Indexing Tough Fields in MySQL

Posted on Apr 7, 2024

Intro

When working with a database, you’re often working with a lot of data, and it’s likely necessary to search through that data quickly. One excellent option to help with this is to use indexes to speed up your queries. But what if you’re working with a field (or multiple fields used together) that are quite long and difficult to index? It is possible to index these fields, but what are the trade-offs and how can you do it effectively?

The Setup

I had a cron job that ran every hour parsing data from our commissions table. This commissions table had millions of rows including two fields: Google Click IDs and the conversion timestamp. Google Click IDs (gclid) are up to 100 characters long, and when combined with a timestamp, can tell Google which ad click resulted in a conversion on our platform.

My cron job needed to upload new commissions to Google’s API but only if the commission hadn’t been uploaded before (ex. the first instance of a gclid + conversion timestamp combination). Because multiple commissions can have the same gclid and timestamp, I needed to search for all commissions with the same gclid and timestamp, get the first one, and upload that one to Google.

The Problem

I needed a way to perform SELECT queries quickly for each of the commission records I processed. My first thought was to reach for a composite index containing the gclid and the conversion timestamp.

Since the gclid and timestamp are both long fields and the gclid can be up to 100 characters in length, I was concerned about the file size of the index on the database. Even though the speed would probably be fine, the size of the index could get pretty unruly. Was there a more efficient way to index these fields without sacrificing querying speed?

My Solution

Rather than using a composite index, I decided to use an MD5 hash with the concatenation of the gclid and timestamp fields. Because I was searching on these fields combined, I could create a new computed field in MySQL. This way if one of the two fields (gclid or conversion timestamp) ever changed, the MD5 hash would be recalculated as well.

Because all MD5 hashes have fixed lengths, I could also take advantage of a smaller field and index size by storing it as a binary blob. This would also make the index faster to search. MD5 hashes can fit inside a 16-byte binary field.
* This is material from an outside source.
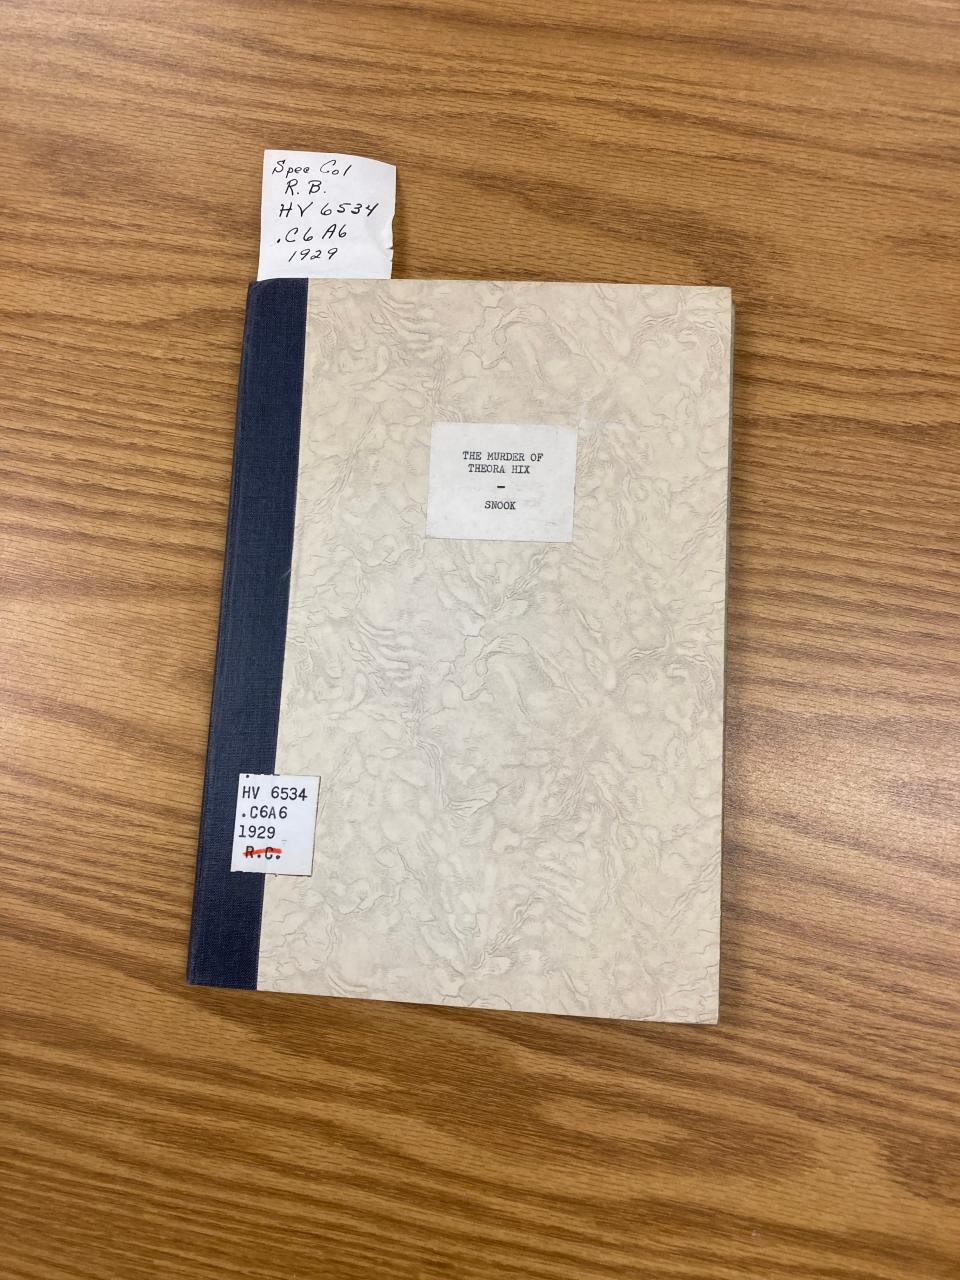 The University of Cincinnati's Archives and Rare Books Library houses one of the few surviving booklets of transcripts from the murder trial against Ohio State University veterinary medicine professor James Snook, convicted in the 1929 murder of coed Theora Hix.

Here’s how I created the computed field:

-- Create the new, computed field to store the MD5 hash
ALTER TABLE commissions
ADD COLUMN gclid_conversion_timestamp_hash BINARY(16) 
AS (UNHEX(MD5(CONCAT(gclid, conversion_timestamp))) STORED;

-- Create an index on the new field
CREATE INDEX gclid_conversion_timestamp_hash_index ON commissions (gclid_conversion_timestamp_hash);

Let’s work through the new stored field from the inner most parenthesis outwards:

CONCAT(gclid, conversion_timestamp): This concatenates the gclid and conversion timestamp fields together.
MD5(...): This calculates the MD5 hash of the concatenated fields.
UNHEX(...): This converts the MD5 hash to a binary blob which is then stored in the binary(16) field.

It should be noted that if we want to go the other way (from binary to MD5 hash), we can use the HEX function:

-- Get the MD5 hash from the binary field
SELECT HEX(gclid_conversion_timestamp_hash) FROM commissions;

-- Get a record by an MD5 hash
SELECT * FROM commissions WHERE gclid_conversion_timestamp_hash = UNHEX("known_md5_hash");

Some Trade-offs

I would not be a good developer unless I threw in some “it depends on your situation” caveats. Here are some things to consider:

The MD5 hashes themselves…

MD5 hashes aren’t reversible. If you need to know the original values of the gclid and timestamp, you’ll need to store them separately. In my case, this was already done for me; the only change I made was creating a new field to store the hash.

MD5 aren’t guaranteed to be unique. If you have a lot of data, you may run into hash collisions. This is a very low probability because the chance of an MD5 hash collision is 1 in 2^128 - a very low chance indeed. If you’re worried about this, you could use a different hash function like SHA-256.

It might be considered unorthodox…

It might be considered a little unorthodox to use computed fields in a database.

Inserts & Updates

Be careful your calculated field isn’t too complex and slow to calculate. The calculations occur on inserts/updates and are included as part of the runtime of the database transaction.

Portability

Not all databases support computed fields. MySQL does, but if you ever need to move to a different database, you may need to rethink your approach.

Complexity

Computed fields can add complexity to your database schema. If you’re working with a team, make sure they understand what you’re doing and why.

Conclusion

This solution has worked really well for me and my team. Our SELECT queries run in fractions of a second now that this new index is in place and the index is stored efficiently. It’s amazing how many records the MySQL database can sort through giving you all results that have the same gclid and conversion timestamp.